Une comparaison s’établit naturellement entre elle et la duchesse de Mazarin, cette nièce du cardinal avec laquelle elle avait été fort liée, qu’elle avait eue un moment pour compagne de réclusion, pour rivale ensuite, et qui est si connue elle-même par ses aventures conjugales, ses procès, sa fuite et ses pérégrinations galantes. Il y aurait à faire entre ces deux femmes (deux démons sous forme d’anges !) un parallèle suivi qui serait curieux pour l’histoire des mœurs du grand siècle. Mais sur un point important je voudrais qu’on marquât bien la conclusion à l’avantage de la duchesse de Mazarin. Celle-ci, en effet, au milieu de tout ce qui pouvait la faire déchoir, sut toujours tenir son rang et se concilier ce qu’il faut bien appeler (je ne sais pas un autre mot) de la considération. Elle la devait sans doute en partie à la mémoire de son oncle, à ses richesses, à ses grandes relations, mais aussi à son caractère et à son attitude : « Mme de Mazarin n’est pas plus tôt arrivée en quelque lieu, dit Saint-Évremond, qu’elle y établit une maison qui fait abandonner toutes les autres. On y trouve la plus grande liberté du monde ; on y vit avec une égale discrétion. Chacun y est plus commodément que chez soi, et plus respectueusement qu’à la Cour. » Voilà le mérite principal, l’art de vivre et de régner qui a immortalisé Hortense et sauvé son renom. Elle eut, après tout, de la justesse et de l’économie jusque dans la prodigalité de ses qualités et de ses dons ; elle ne se contenta pas d’avoir de l’esprit, elle l’aima chez les autres ; elle rechercha les lumières, chose alors nouvelle, et sut partout s’entourer d’un cercle d’hommes distingués ; elle vécut enfin et mourut comme une grande dame, tandis que la pauvre Sidonia, avec tout son esprit et ses grâces, a fini comme une aventurière.

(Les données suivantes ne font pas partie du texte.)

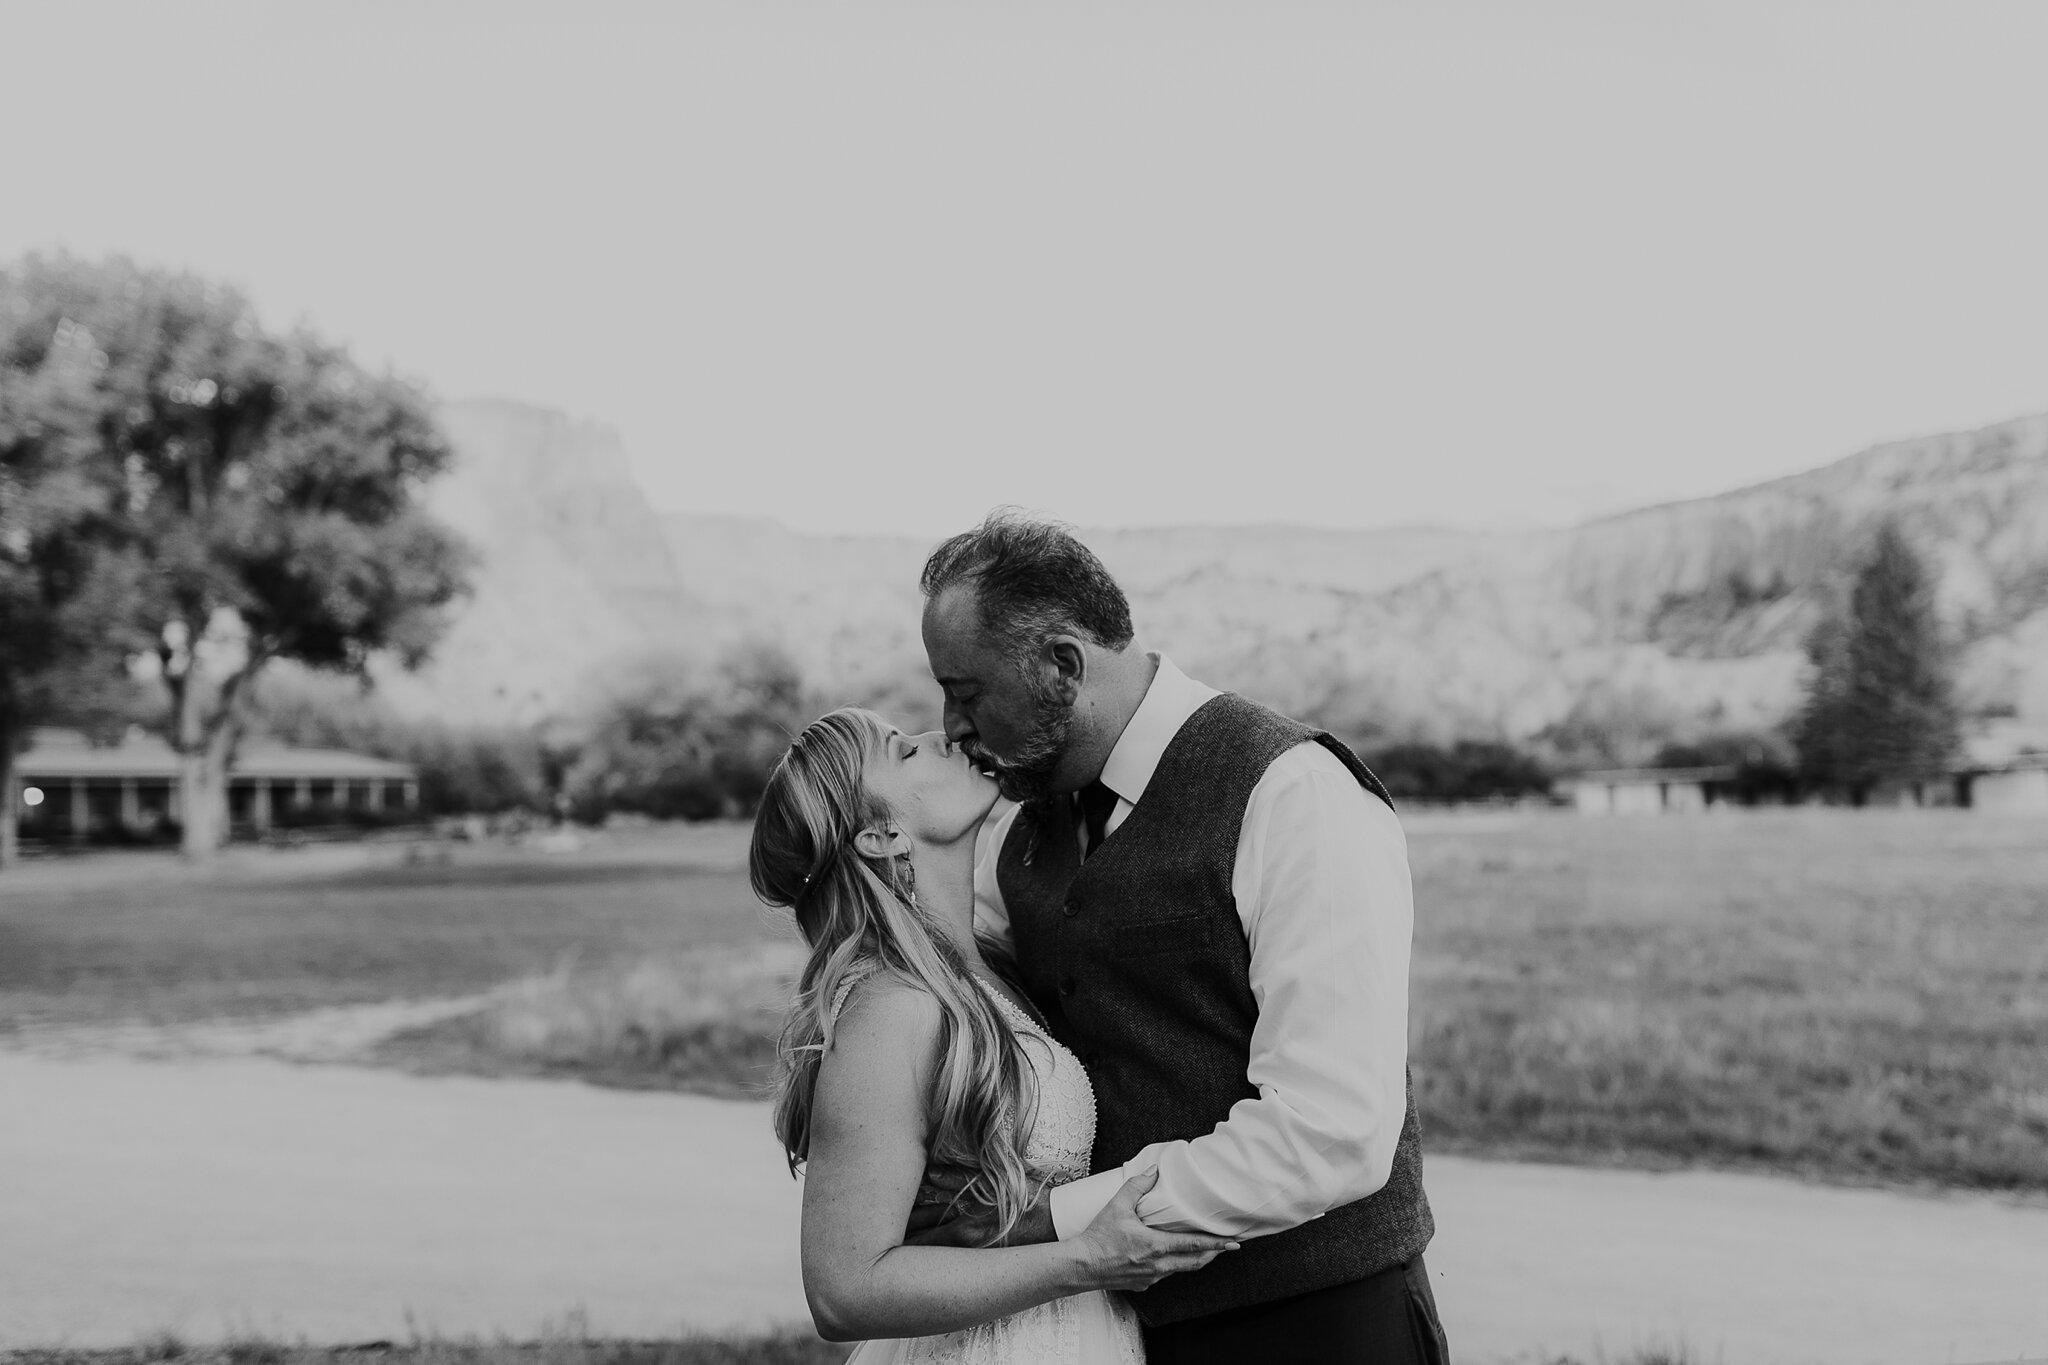 Alicia+lucia+photography+-+albuquerque+wedding+photographer+-+santa+fe+wedding+photography+-+new+mexico+wedding+photographer+-+new+mexico+wedding+-+wedding+-+santa+fe+wedding+-+ghost+ranch+-+ghost+ranch+wedding+-+fall+wedding_0079.jpg

Encore une fois, son nom est tout trouvé : c’est la Manon Lescaut du xviie siècle.

Dans un temps où il y aurait encore une librairie de luxe, on devrait bien réimprimer ce petit volume de Mme de Courcelles[1].



  1. Les Mémoires et Correspondance de la marquise de Courcelles ont été depuis réimprimés et publiés par M. Paul Pougin, dans la Bibliothèque elzévirienne de Jannet, 1855.